Trains are rare in Brazil, the line we were to travel this Sunday morning is important for transporting cereals to the coast. But the train we boarded was for transporting tourist on a spectacular four hour journey over the mountains and through the Atlantic forest to the once important port of Morretes; now a preserved town which trades in tourists providing pretty restaurants , an open market and street entertainment. The train, not a youngster heaved and clawed itself over the mountains, giving unforgettable views especially from the rim of a horseshoe gorge that revealed miles and miles of forestry as far as the eye could see; the vastness and beauty of that natural creation will be an abiding memory. .
Arriving at Morretes our guide Lorenzo took us to lunch on a balcony overlooking the town and river, we had the local dish of borreados helped along with the local wine. It felt like something from a Graeme Green novel. Our guide was friendly and engaging , giving us many insights into the locality and also into the wider politics of Brazil. His opinion was that the present government is neglecting the middle class in favour of production workers, himself once a teacher he told a tale of the neglect of the education system ; a story we have heard often. However a different story was that of the movement of the three southern states to become independent. I had read and heard of this spoken of with contempt by those in Rio, but to hear the reasons for independence spoken of so passionately was intriguing.
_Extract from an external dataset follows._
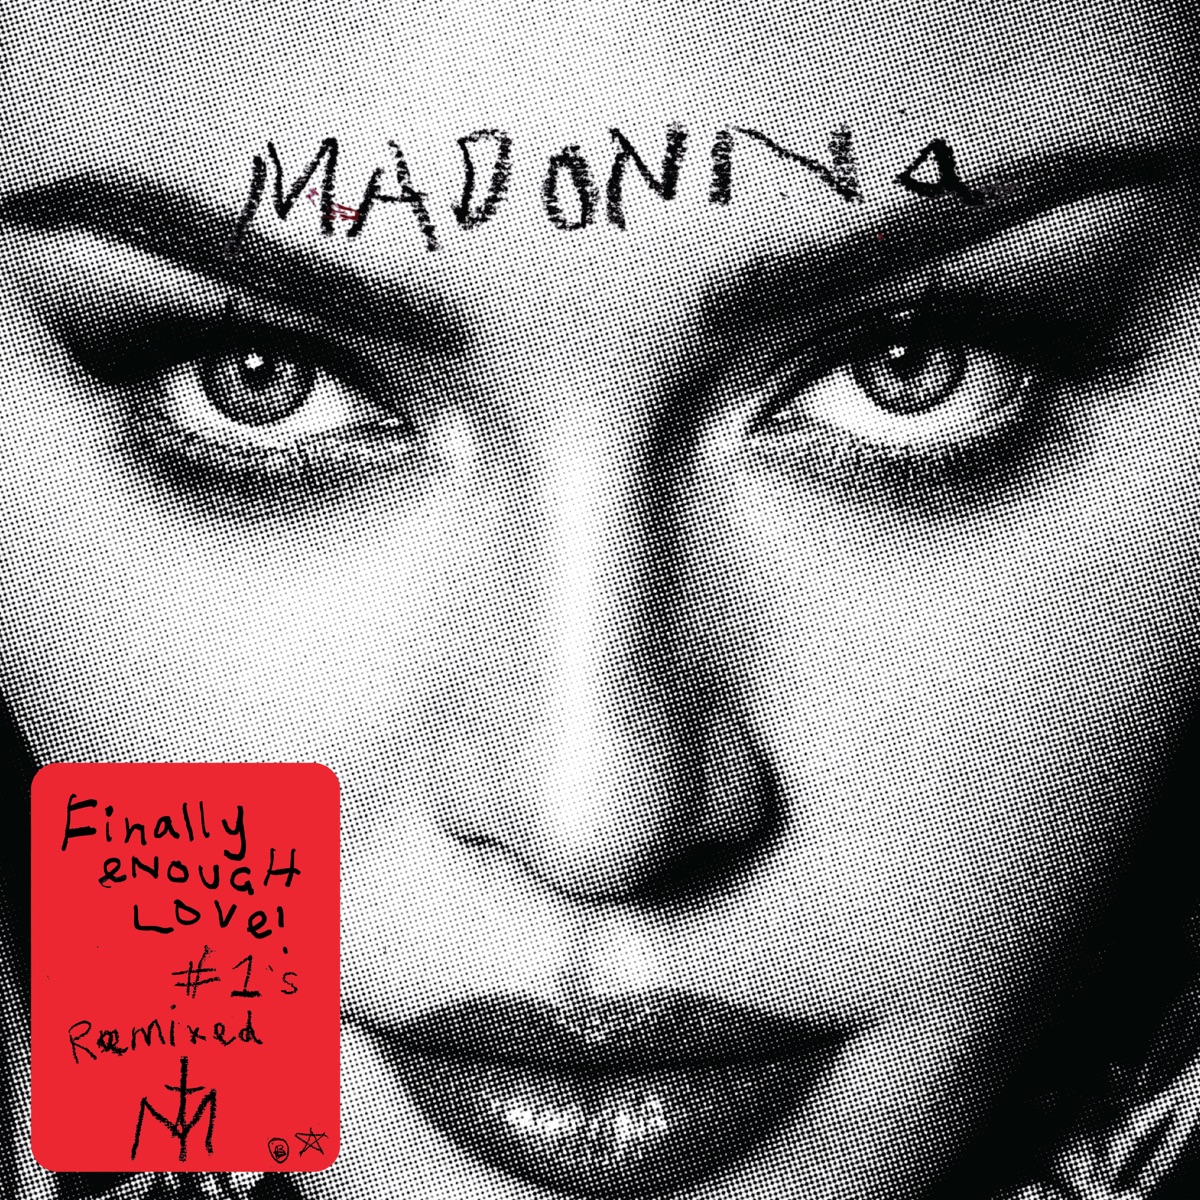 Finally Enough Love! by Madonna on Apple Music

Our journey back to Curitiba by car led us to the lovely town of Antoninhas , similar to Morretes it is preserved and has become a tourist centre, providing much needed employment. Brazil exports chicken to mainly China and it is from here that it begins its seaward journey.
Continuing our jouney we began to experienced heavy traffic , ever thickening thick fog and torrential rain as we intermittently crawled and hurtled at breakneck speed over the mountains, none of the above slowed the progress of our oft yawning driver. At one stage I wondered how the emergency services would reach us when we crashed! The delays were mostly caused by huge waggons inching their way to the top of mountains.
Here to tell the tale of our unforgettable day in the Atlantic Forrest.